Much of this “waste” consists of devices that remain entirely functional but have been rendered “obsolete” by artificial upgrade cycles, by operating systems that refuse to run on older hardware, by social pressure to possess the latest model.
Meanwhile, families struggle to provide their children with devices for schoolwork. Seniors remain isolated from telemedicine and social connection. Job seekers cannot apply for positions. Newcomers cannot access settlement services. The digital divide persists not because technology is scarce but because we have chosen to treat access as market commodity rather than human necessity.
The contradictions compound: those most harmed by digital exclusion are also most harmed by environmental degradation caused by electronic waste. Low-income communities and communities of color bear disproportionate exposure to the toxic materials leaching from discarded devices. The same populations denied access to technology also suffer the environmental consequences of its disposal.
This is extraction and abandonment rendered in circuit boards; a crystallization of how our economic systems create scarcity amid abundance, exclusion amid plenty. We mine conflict minerals from the Global South, manufacture devices through exploited labor, consume them briefly in wealthy nations, then abandon the toxic remains back where the extraction originated. All while maintaining that those without devices should simply purchase their own.
The Circular Imperative
The solution exists in plain sight: divert functional devices from waste streams and redirect them to communities in need. Refurbish rather than discard. Distribute rather than landfill. Treat devices as essential, durable infrastructure rather than disposable consumer goods.
Perhaps this represents something more unsettling than charity – a correction of failures the market claims don’t exist. A recognition that the profit motive has produced socially and environmentally catastrophic outcomes that require intervention. The circular economy represents not merely environmental responsibility but structural intervention in systems designed to generate waste and exclusion.
Every refurbished device provided to someone in need performs multiple functions simultaneously: it prevents environmental harm by diverting waste, it addresses digital exclusion by providing access, and it challenges the growth-at-all-costs logic that requires perpetual consumption and disposal.

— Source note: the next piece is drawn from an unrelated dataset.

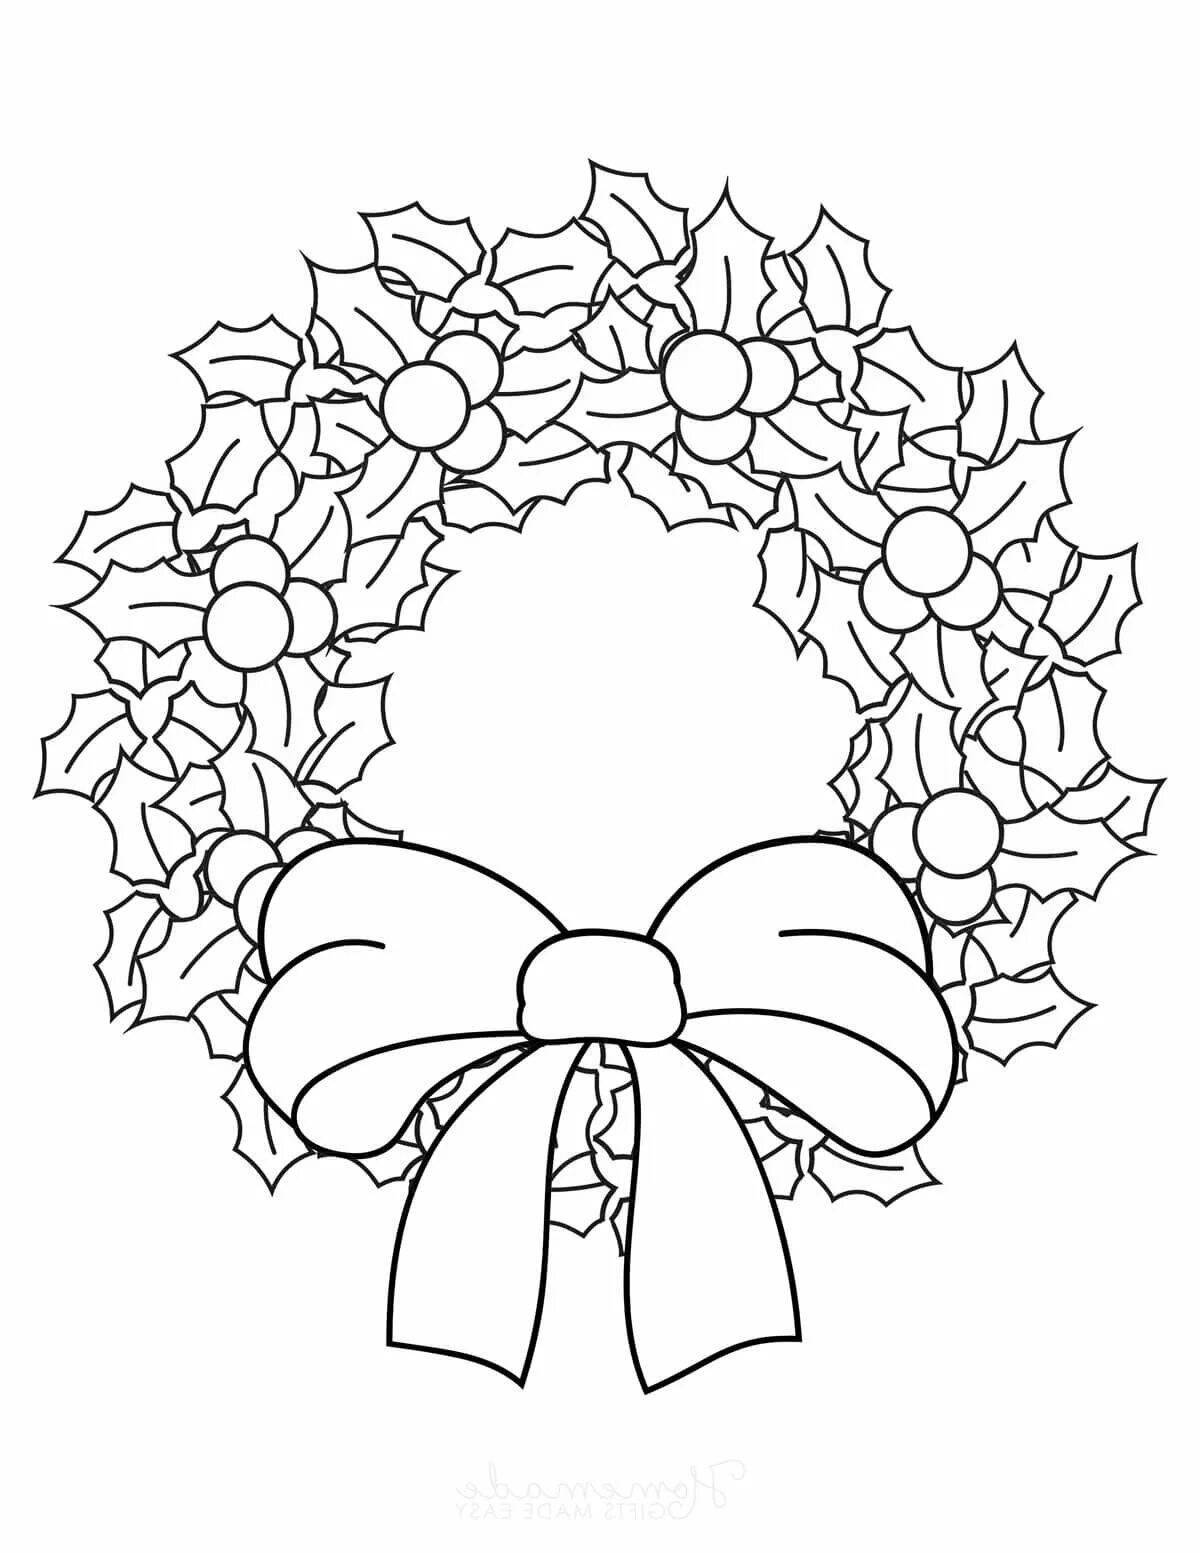 Joyful Christmas wreath coloring book for kids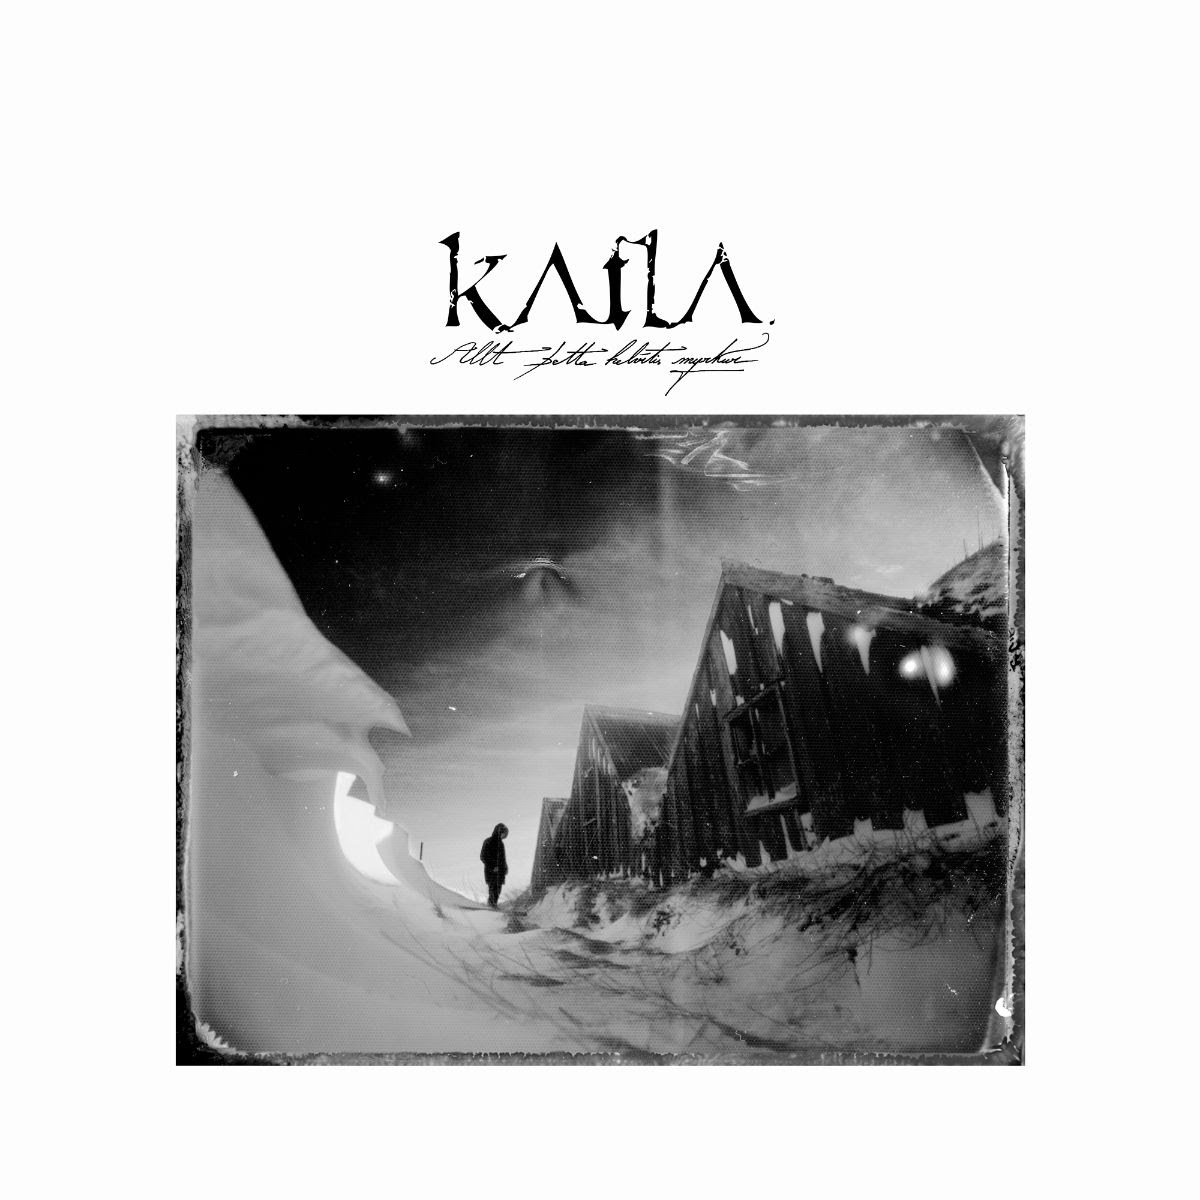 KATLA album cover

The market failed, so we route around it. Access is not luxury but necessity. We can build different systems based on different values.
Standing at the Threshold
We find ourselves at a particular juncture: the gap between acknowledging digital access as essential and funding it as infrastructure has never been more visible or more consequential.
The pandemic made the invisible sun visible – students without devices attempting to complete online schooling, workers without connectivity trying to maintain employment, vulnerable populations cut off from services and support. But visibility is not yet transformation.
We risk returning to comfortable myths about individual responsibility, about market solutions, about technological progress that somehow sidesteps questions of access and equity. We risk treating what we witnessed as temporary disruption rather than permanent revelation of systemic failure.
The path forward requires naming digital access as infrastructure and funding it accordingly. It requires recognizing that devices are not consumer electronics but essential tools for participation in contemporary society. It requires building circular systems that treat technology as durable public good rather than disposable private commodity.
We possess the technology. We possess the resources. We possess the knowledge. What remains is the question of will; whether we can build systems that serve human need rather than profit accumulation, that treat access as right rather than luxury, that recognize infrastructure for what it has become rather than what it used to be.
The devices exist. The need exists. Only the connection remains to be made.